Rate Type
Definition and meaning of Rate Type in real estate.
A rate type refers to the structural category of interest applied to a loan, which determines if and how the interest rate changes over the life of the debt.
In more detail
The most common rate types in residential lending are fixed-rate and adjustable-rate structures. Fixed-rate loans maintain the exact same interest rate and monthly payment for the entire term of the loan.
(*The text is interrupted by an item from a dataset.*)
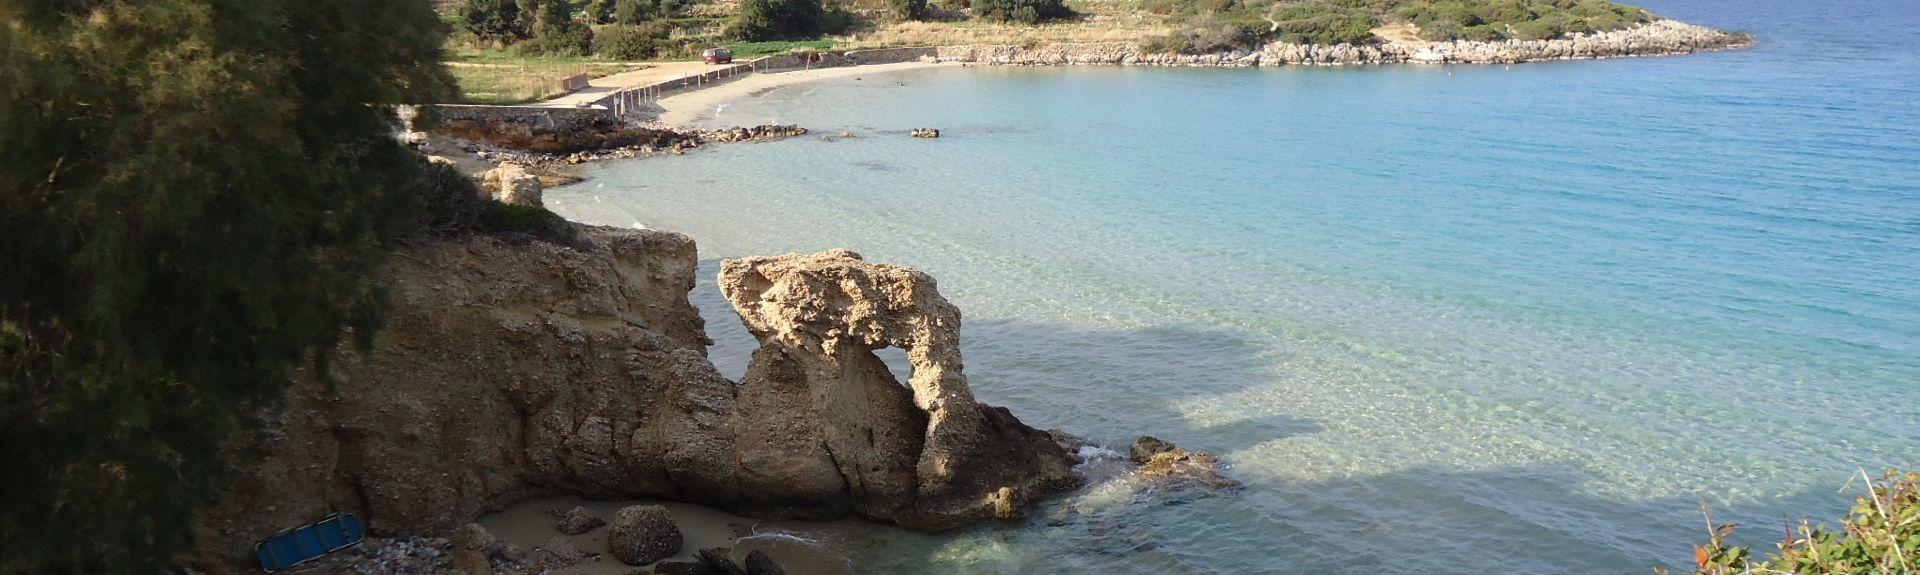 Anatoli, Isla de Creta, Grecia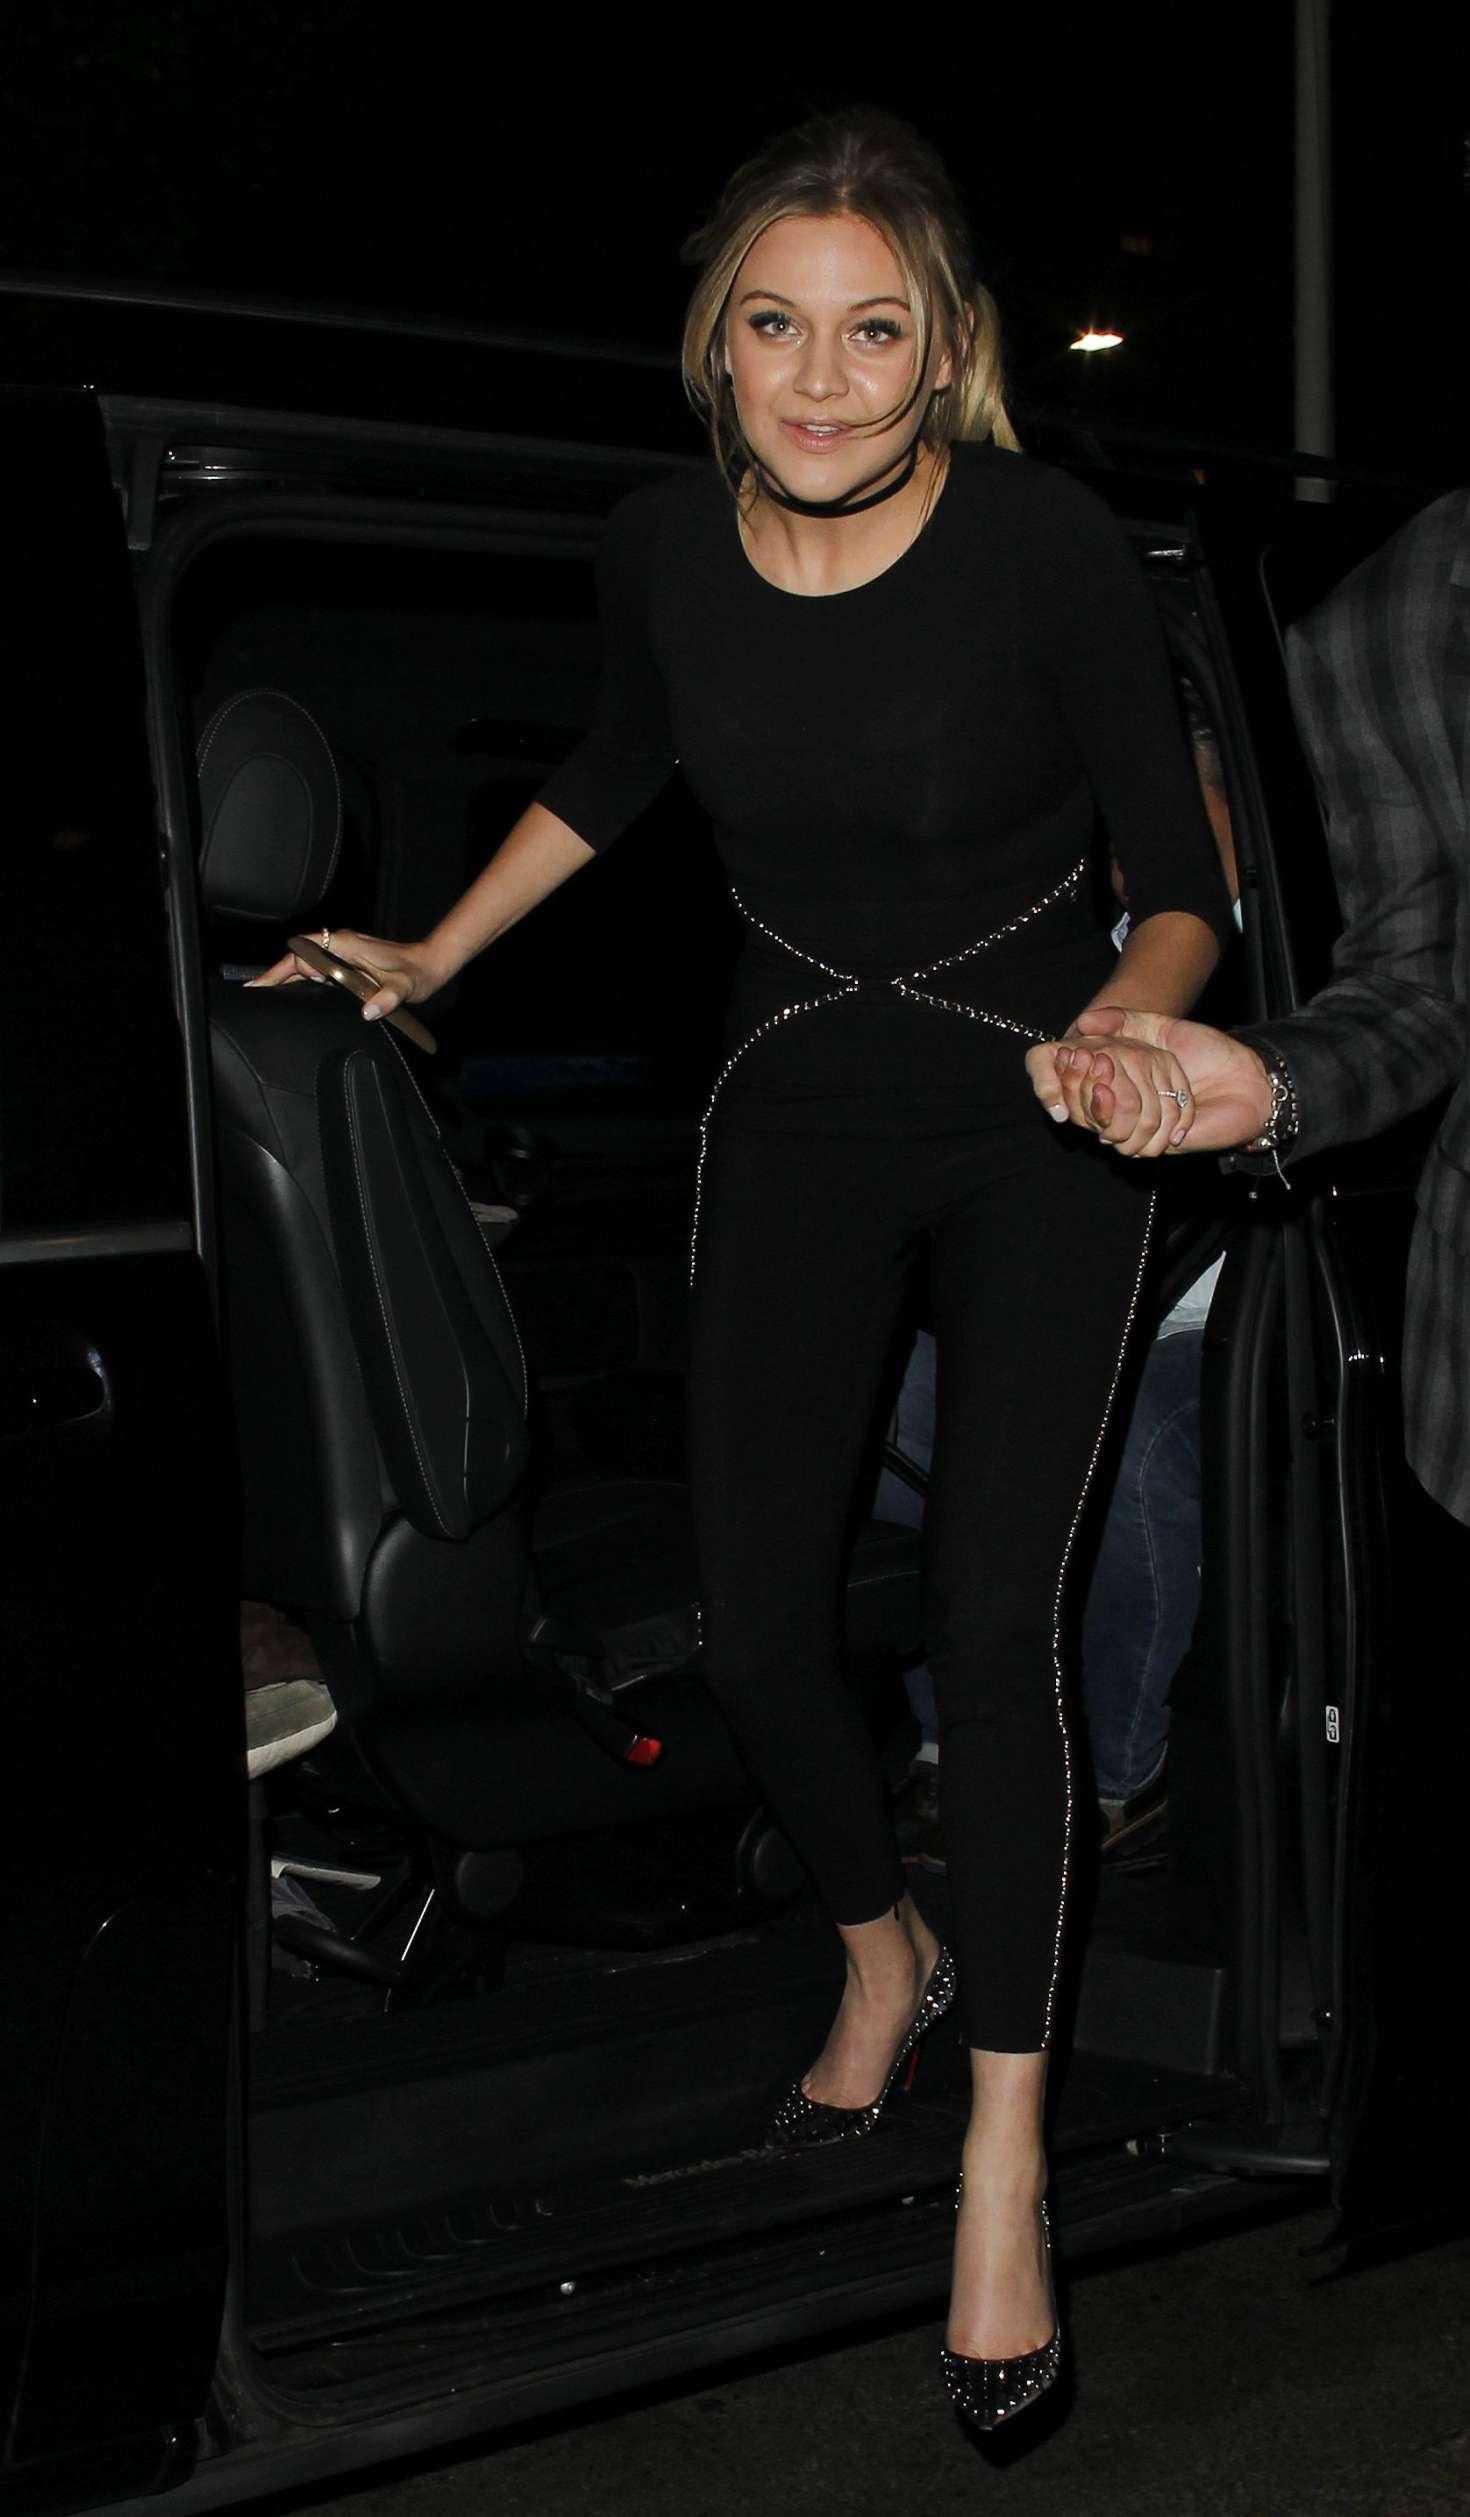 Kelsea Ballerini - Arriving at Her Hotel in Mayfair

Adjustable-rate loans feature rates that fluctuate periodically based on market index movements.
Selecting the appropriate rate type depends on a borrower's risk tolerance, financial stability, and how long they plan to keep the property.
Key facts
| Category | Mortgages & Financing |
|---|---|
| Applies to | Mortgages and consumer loans |
| Common options | Fixed-rate and adjustable-rate |
| Watch out for | Future rate increases on adjustable types |
A home buyer planning to live in their home for thirty years chooses a fixed-rate loan type to guarantee stable monthly payments, while a buyer planning to move in five years selects an adjustable-rate type for a lower initial payment.
Frequently asked questions
Which rate type is best for a first-time home buyer?
A fixed-rate mortgage is typically recommended for first-time buyers due to its predictability, though an adjustable-rate mortgage may be suitable if the buyer plans to sell or refinance quickly.
Can I change the rate type of my loan after closing?
Changing your rate type, such as switching from an adjustable-rate to a fixed-rate mortgage, generally requires refinancing the entire loan.